*** Block opens ***

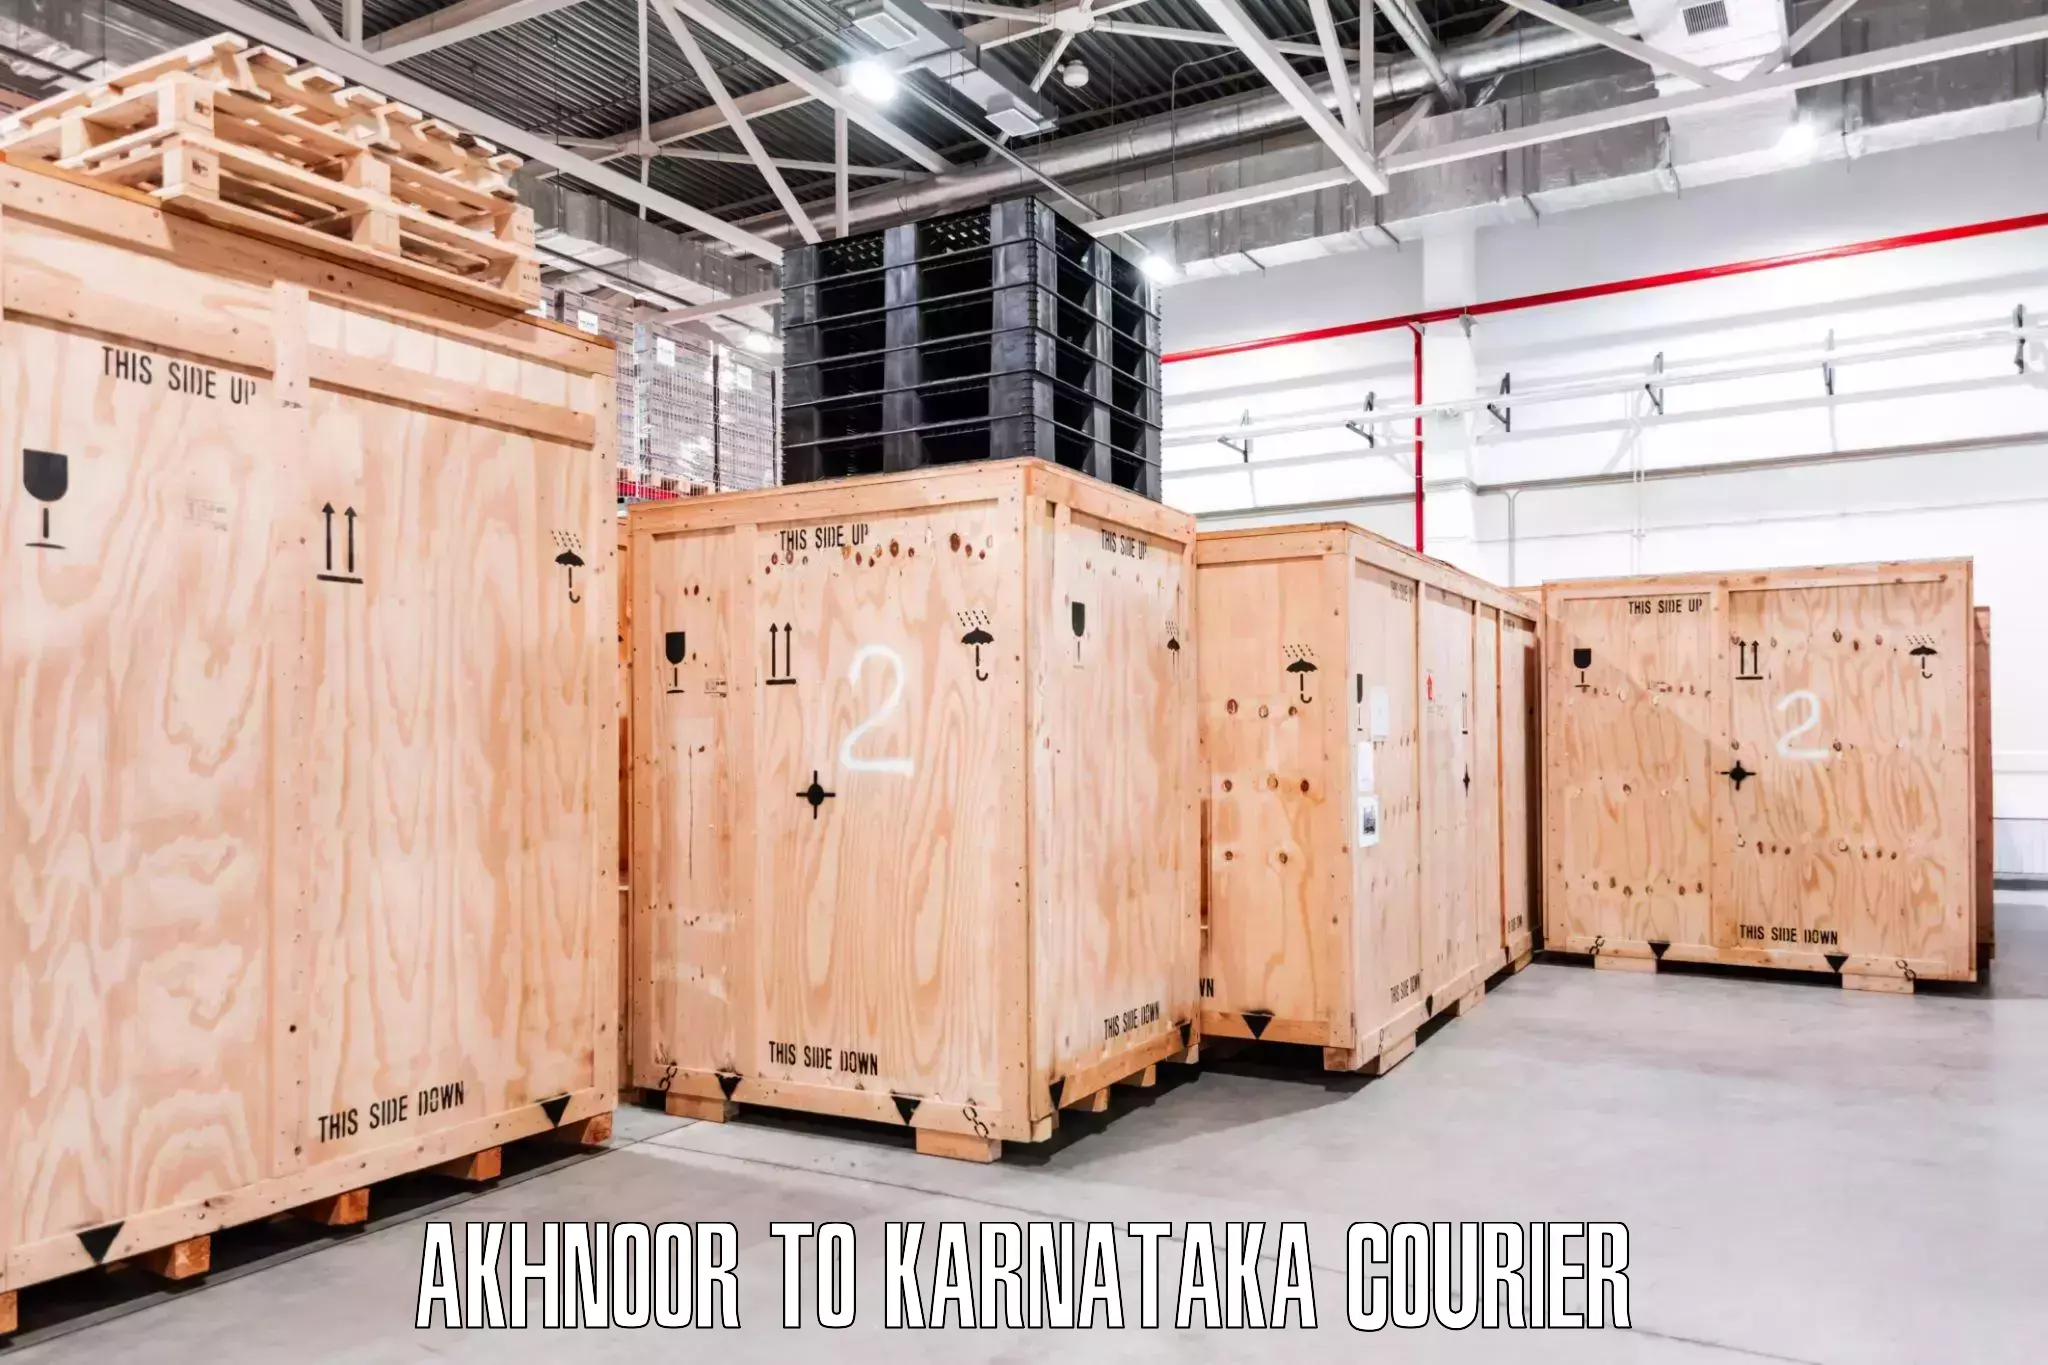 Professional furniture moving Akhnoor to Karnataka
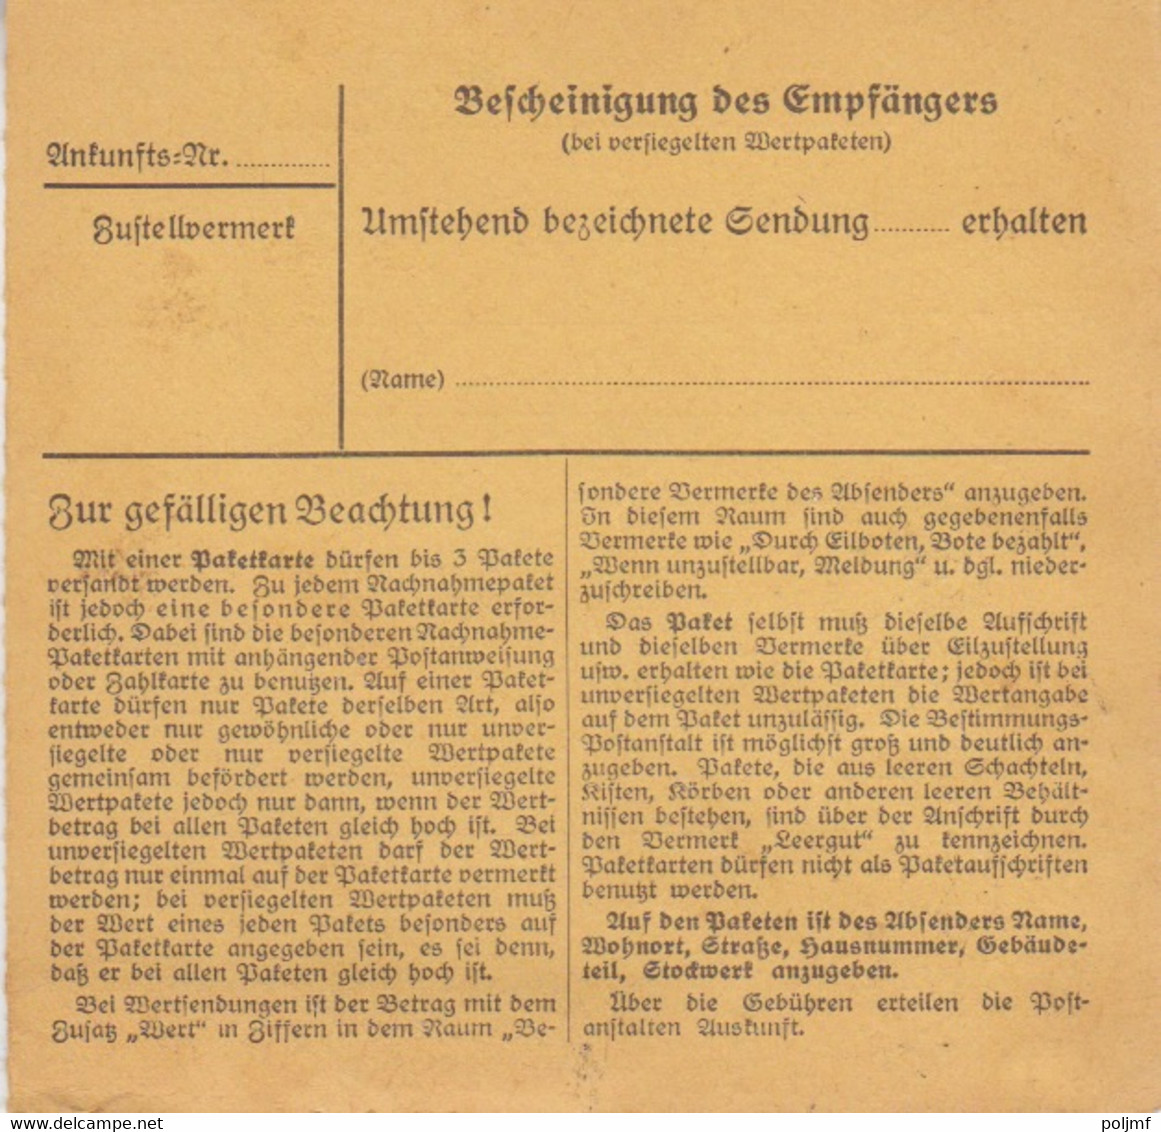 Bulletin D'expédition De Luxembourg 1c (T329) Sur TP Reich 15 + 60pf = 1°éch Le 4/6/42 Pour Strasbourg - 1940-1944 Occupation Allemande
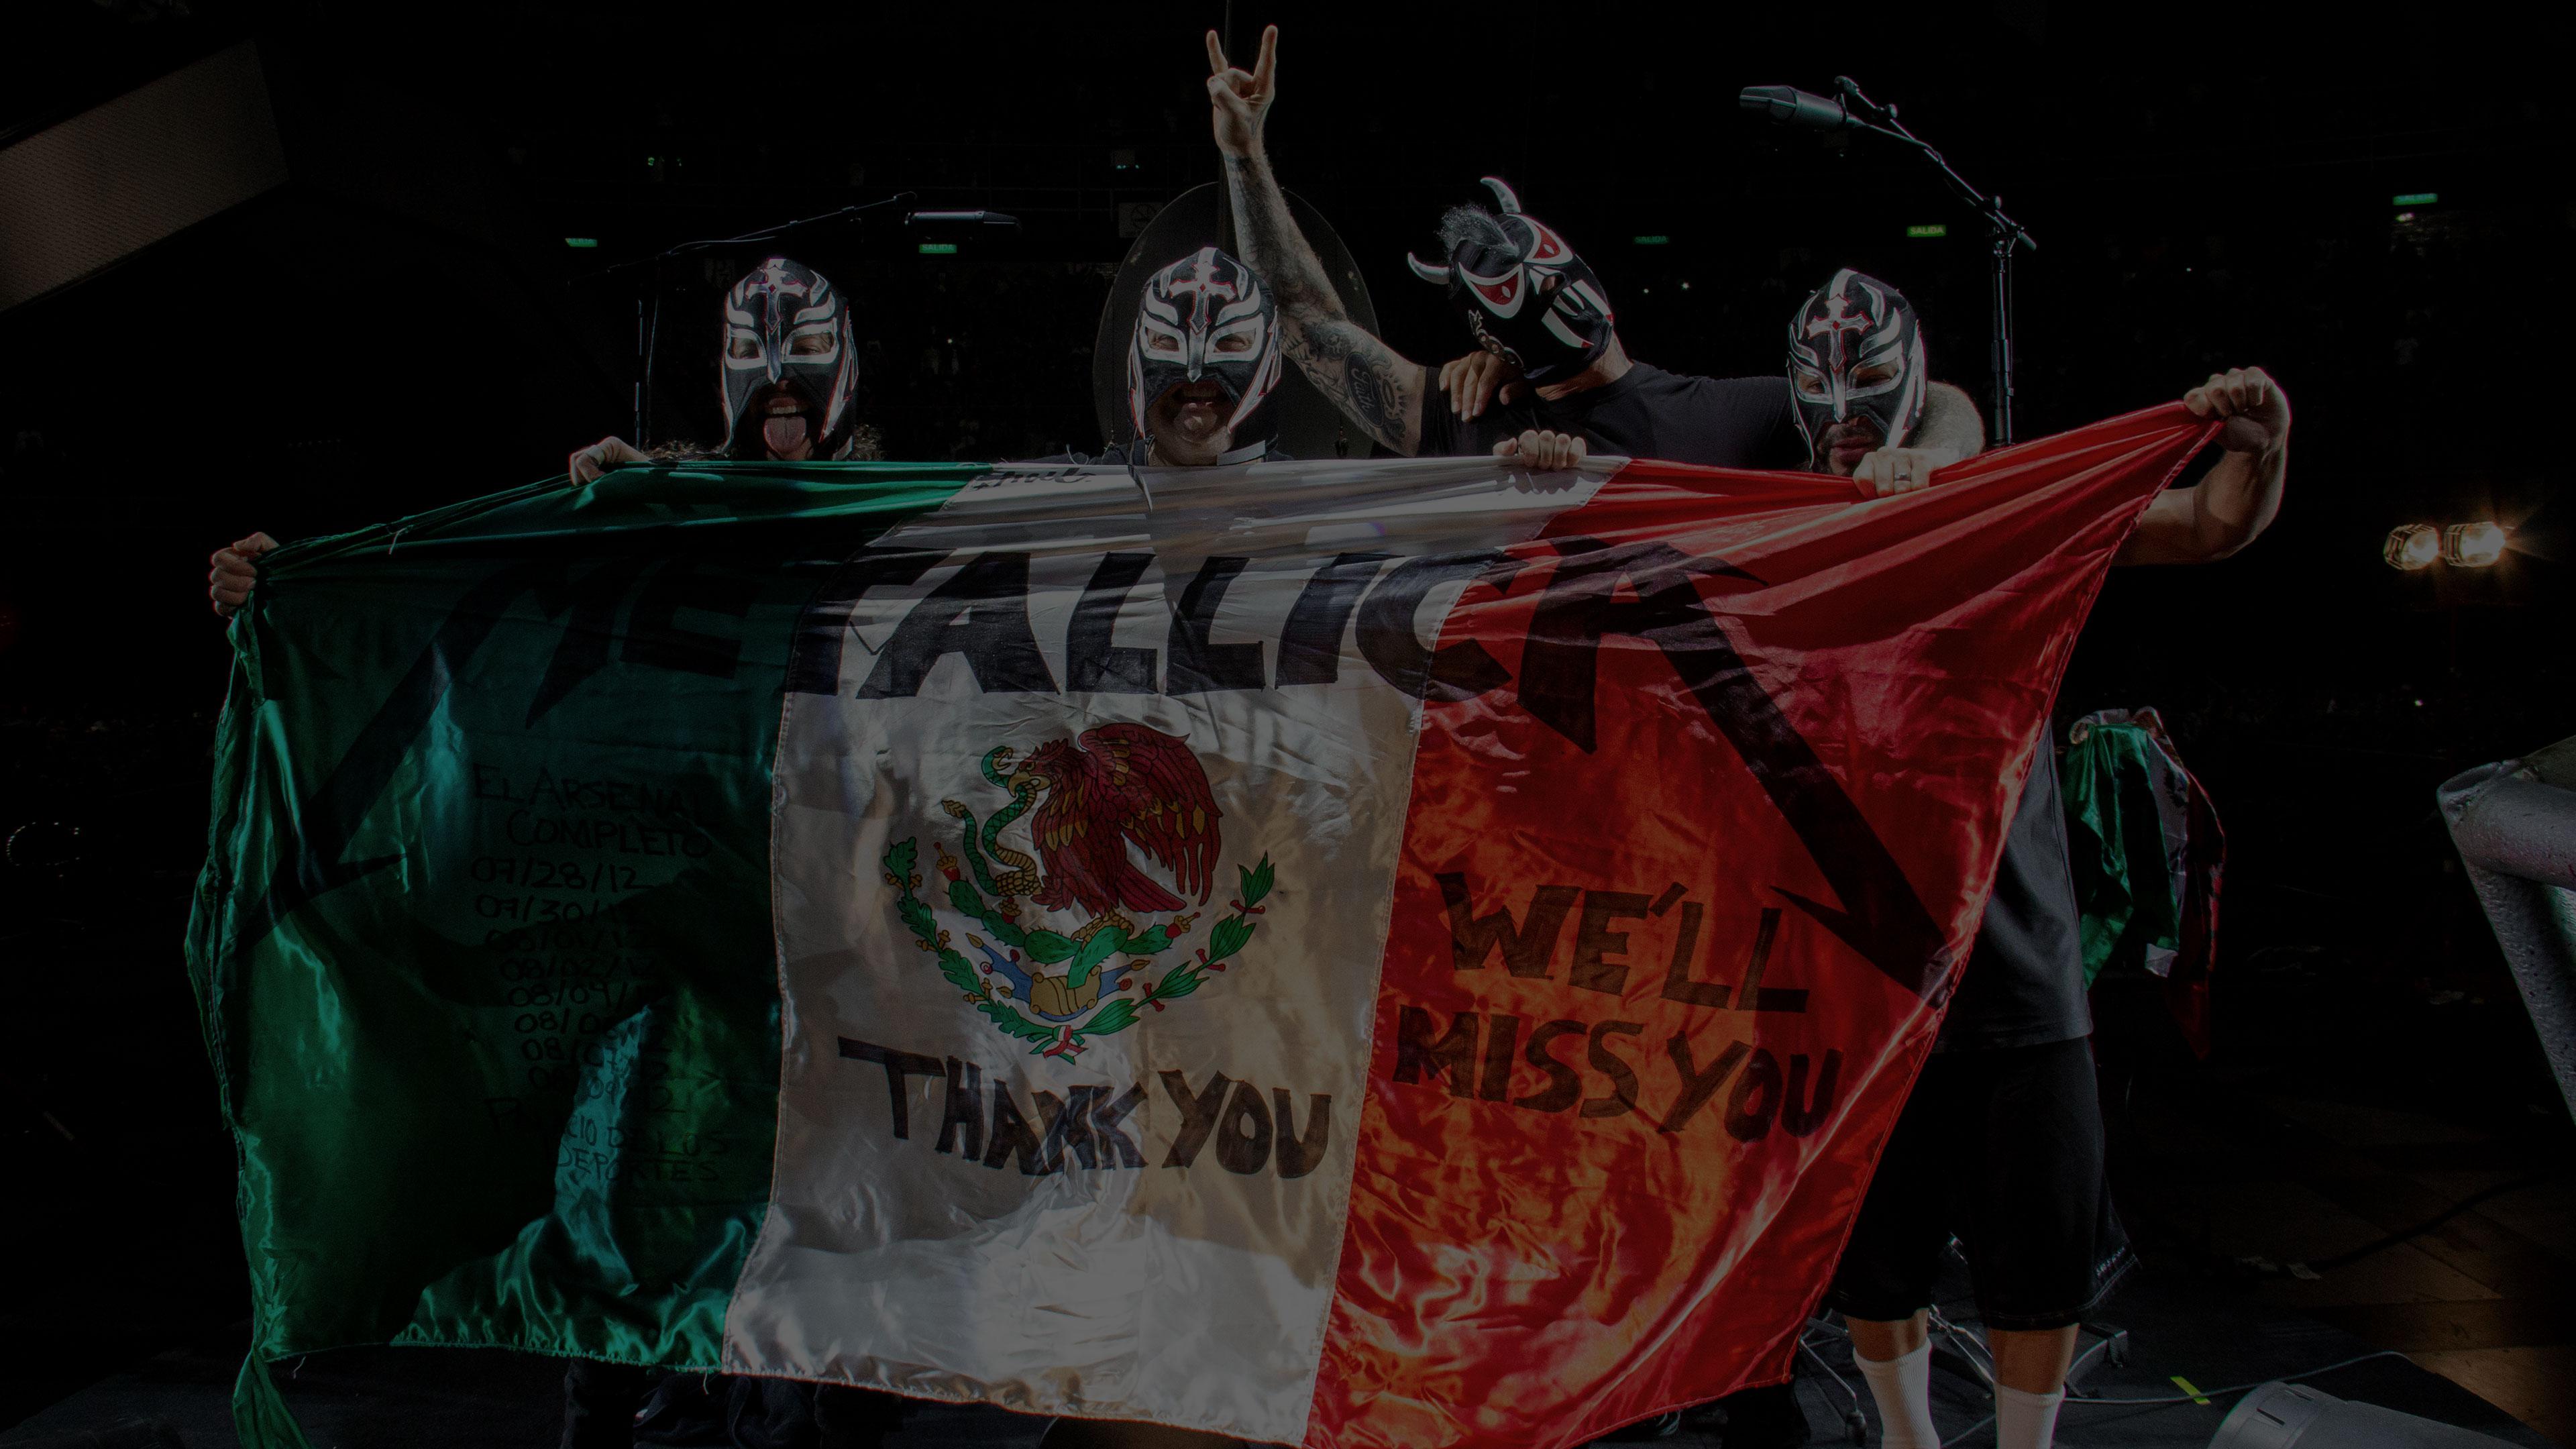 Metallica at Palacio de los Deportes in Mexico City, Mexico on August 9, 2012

*** Block closes ***

> What you will do
Retype all the data exactly, please, without pictures.

> Task result
 Professional furniture moving Akhnoor to Karnataka
 Bulletin D'expédition De Luxembourg 1c (T329) Sur TP Reich 15 + 60pf = 1°éch Le 4/6/42 Pour Strasbourg - 1940-1944 Occupation Allemande
 Metallica at Palacio de los Deportes in Mexico City, Mexico on August 9, 2012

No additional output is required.